Мне еще не исполнилось четырнадцати лет, а уж конец ученью! Как я рад! я уж затянут в сержантский мундир; днем хожу в караул и на ученье, а больше езжу по родне и начальникам; ночью завиваю пукли, пудрюсь и танцую до упада. Время бежит, и подумать – физически некогда. Батюшка учит меня ходить на поклоны и подличать; матушка показывает мне богатых невест. Когда я осмеливаюсь сделать какое-нибудь возражение, – это называют неповиновением родительской власти; когда мне случайно удается выговорить мысль, которую я не слыхал ни от батюшки, ни от матушки, – это называют вольнодумством. Меня бранят и грозят мне за все, за что бы должно хвалить, и хвалят за все, за что бы должно бранить. И естественное состояние души моей превратилось: я запуган, закружен; к тому же природа совсем некстати снабдила меня слабыми нервами, и я – оторопел на всю жизнь: на все мои душевные способности нашло какое-то онемение; нечему развернуть их: они еще в почке, а уж раздавлены всем, меня окружающим; нет предмета для мыслей; может быть, мог бы я думать, да не с чего начать и не умею; я также не могу вообразить, что можно о чем-нибудь думать, кроме моих ботфортов, как глухонемой не может себе вообразить, что такое звук… Между тем я пью и играю, ибо иначе меня назовут дурным товарищем, что бы мне было очень прискорбно.
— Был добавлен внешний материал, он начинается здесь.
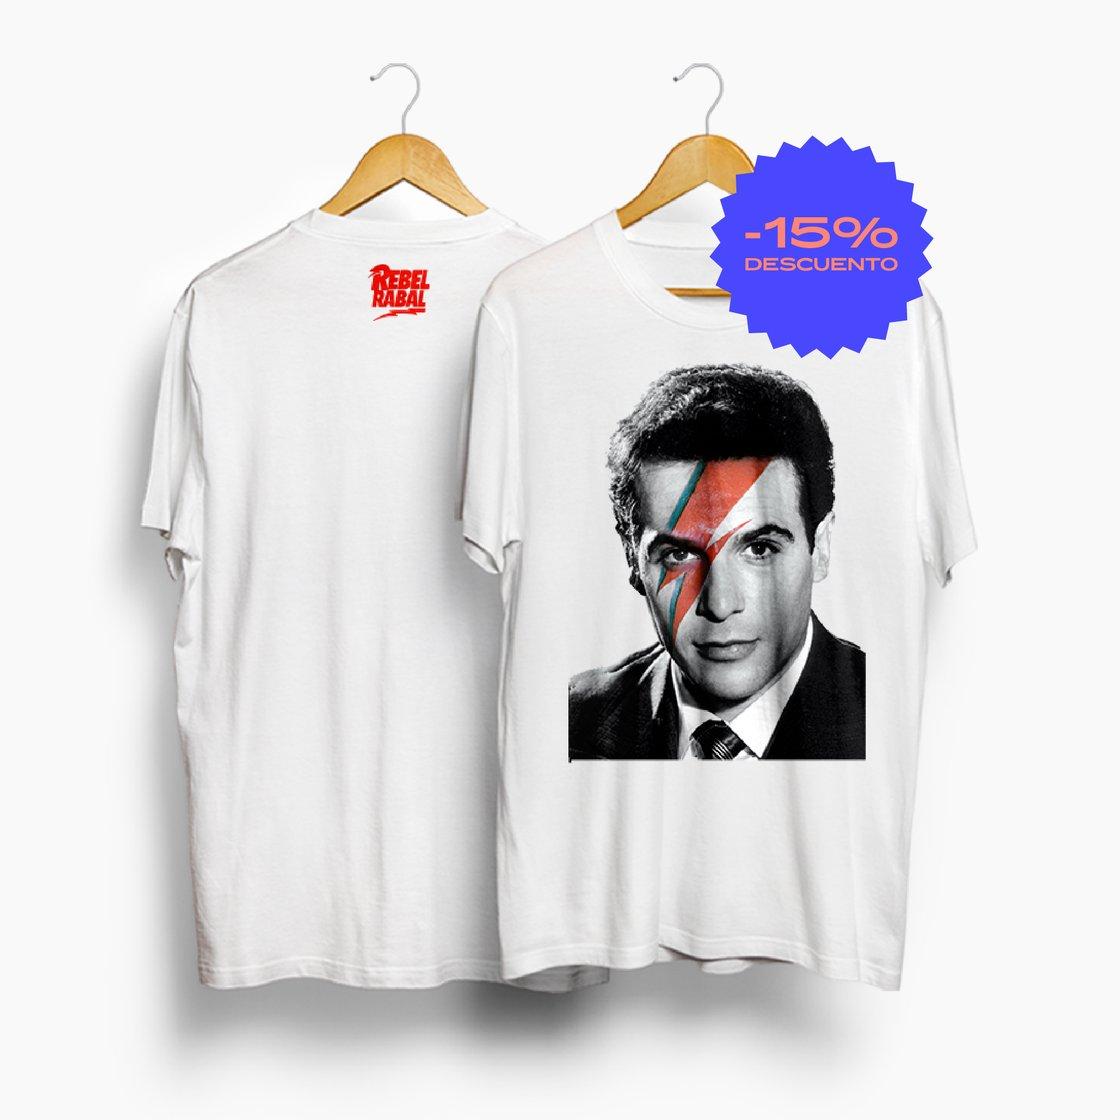 Image of Camiseta Rebel Rabal

Все женятся. Надобно жениться и мне. Вот я женат. Жена мне под пару. А я все тот же: в голове у меня до сих пор одни батюшкины мысли: если как-нибудь прийдет мне в голову мысль, непохожая на батюшкину, то я от нее отмаливаюсь, как от бесовского наваждения; боюсь быть дурным сыном, ибо хоть не понимаю, в чем состоит добродетель, но мне по инстинкту хочется быть добродетельным. Вот почему утром мы с женою сводим разные счеты, – ибо батюшка пуще совести наказал мне не растерять имение, а потом, – потом туалет, обед, карты, танцы. Мы живем очень весело; время бежит, и очень скоро. Когда мне по инстинкту захочется переменить что-нибудь в нашем образе жизни, – жена мне грозит названием дурного мужа, и я продолжаю ей покоряться, потому что мне хочется сохранить уже приобретенное мною название истинного христианина и человека с правилами. Этому много помогает то, что я усердно езжу к родне и не пропускаю ни одних именин и ни одного рождения.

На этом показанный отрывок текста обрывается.